During Howard's US visit last month he was briefed on GNEP by Energy Secretary Samuel Bodman. Interviewed 12 days ago, Howard said while his US meetings were not the "catalyst" for his inquiry they were "part of the process". Howard agreed the US wanted to identify and limit nations that enriched uranium in order to create a global bargain to contain proliferation.
During the interview, Howard made clear his personal preference. "It does seem odd that you wouldn't enrich uranium, doesn't it?" he said of Australia. "One of the great historical anomalies of the Australian economy which most Australians could never understand is that we had the best wool in the world and we sent it overseas to be processed and we bought it back at a much higher price. That always struck people as rather odd. Now there are a lot of reasons why it happened. But I would be keen to avoid that occurring."
Asked about GNEP, Howard said: "I'm not suspicious of it. But I'm keen to keep an eye on it and keen to ensure it doesn't damage Australia's position. And part of the process was that I felt we need to be better informed about all of this.
"I think it (GNEP) further focuses our attention, concentrates our mind. If we were to decide in the not too distant future that it would be a good idea to process uranium or to keep open that possibility, that would obviously have relevance to GNEP. The fact this is being developed is a reason why we should look more closely at whether we should process uranium.

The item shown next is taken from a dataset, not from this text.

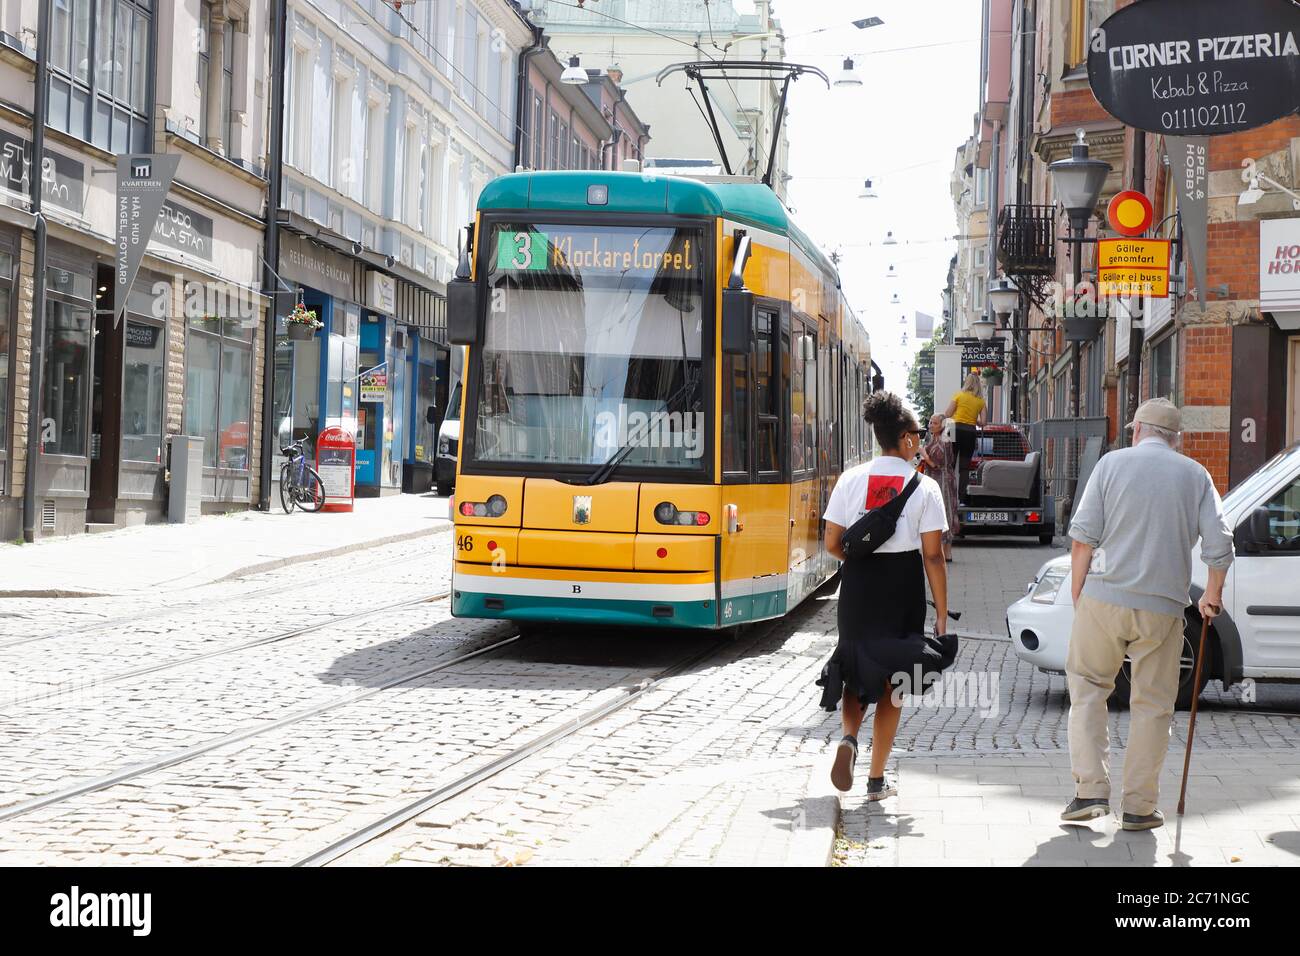 Norrkoping, Sweden - July 3, 2020: Yellow tram in service on line 3 at the Drottninggatan street. Stock Photo
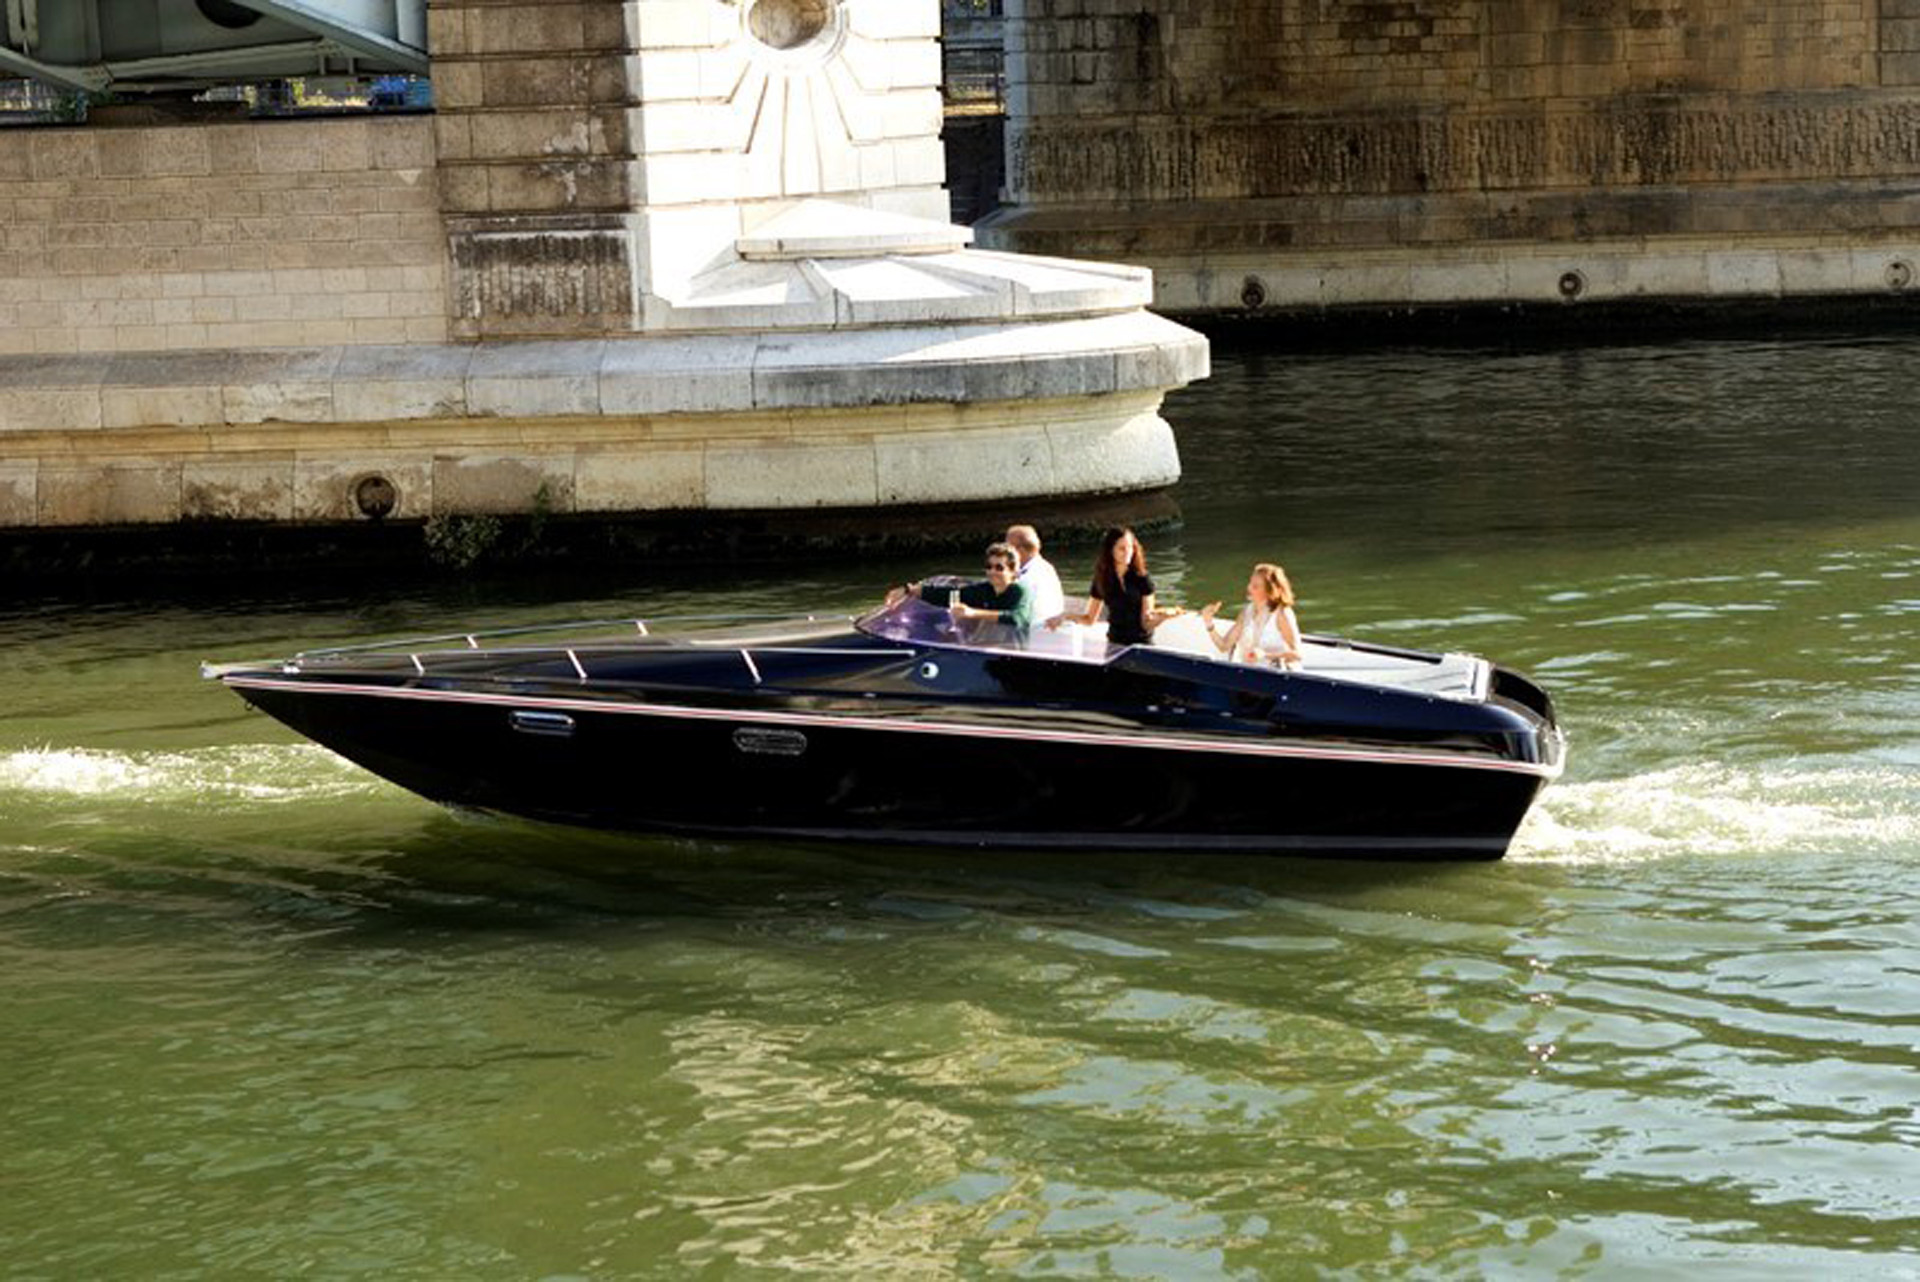 Black Swan: a 100% electric passenger boat will cruise down the Seine using recycled batteries

"We are probably the largest single holder of uranium reserves in the world, we have the largest uranium mine, so we are going to have a strong view and I think the Americans will understand that. I got the impression that GNEP is still embryonic and precisely because it is embryonic, it would be a very good idea for Australia to have a view from the beginning so we can influence it. One of the advantages of making noises about this, about our position and possible plans, is that of itself it alerts the Americans and others to our position."
For Howard, it is inconceivable that the US would not endorse any Australia enrichment decision. "I think any American administration would accept it," he said. "Certainly, the present one would accept it. I can't imagine a future administration would have a different view. We would be seen as a totally reliable and trustworthy country."
Howard would want to tie any Australian decision into the US global strategy. The issues are vast. At stake for Australia is whether we develop the nuclear technology to become a player in the fuel cycle and, also, obtain more leverage over the non-proliferation regime. On Monday, Howard revealed his conviction that Australia has a "massive opportunity" to boost its share of the global energy trade.
It is now beyond question that nuclear power around the globe is undergoing a major resurgence. The issue for Australia, however, remains theoretical until a commercial operator comes forward prepared to invest in enrichment, and that may need a US partner.